Lossless means “without loss,” just like hopeless means “without hope.” Lossless compression means that compression has occurred with zero loss of information. On the other hand, lossy compression indicates that there has been some data lost through compression. Different lossy compression algorithms can result in different amounts of lost data. Let’s consider an example of lossy compression.

The most common lossy compression occurs when you “rip” an audio CD and convert the tracks to MP3s. The images below represent the digital soundwave that exists before and after various stages of compression from raw audio to MP3. As you scroll down and the audio becomes more compressed, what differences can you notice?

Perhaps it’s easier to see quality loss in lossy compression with compressed images:

As the image is compressed, there are obvious data/quality losses.

Though these examples are indicative of lossy compression, not all compression is lossy. As mentioned previously, lossless compression involves no data loss. With lossless compression, you can convert back to the original at any time (may be time-intensive, however). For example, FLAC audio loses no quality over CD.

This raises the question:

If lossless compression exists, why would anybody want to use lossy compression?
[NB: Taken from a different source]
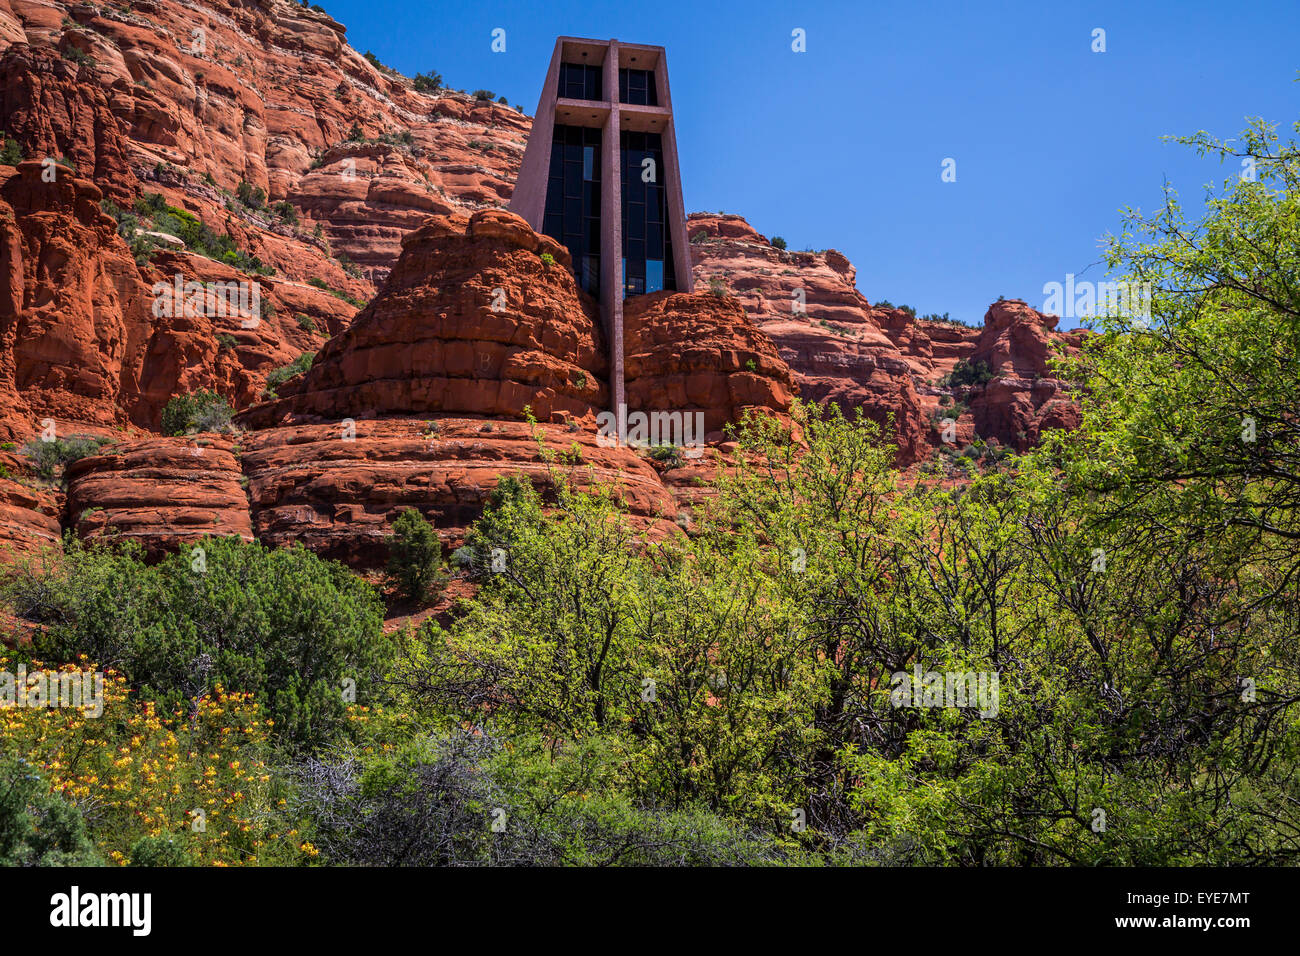 The Chapel of the Holy Cross in the red buttes of Sedona, Arizona, USA. Stock Photo

Lossy compression algorithms often result in greater reductions of file size, offer the best compression ratios, and are designed to be “good enough” approximations. A good example might be the use of a thumbnail by a website as a link to a larger image. The compressed thumbnail version reduces the amount of data necessary to load the page, but if users would like to see the original image, they can follow a link to that version.

However, lossy compression can never be “undone,” because the lossy compression algorithms remove information that isn’t necessary for representation, but can never be reconstructed once lost. In other words, you cannot go from a lossy-compressed image back to the original image.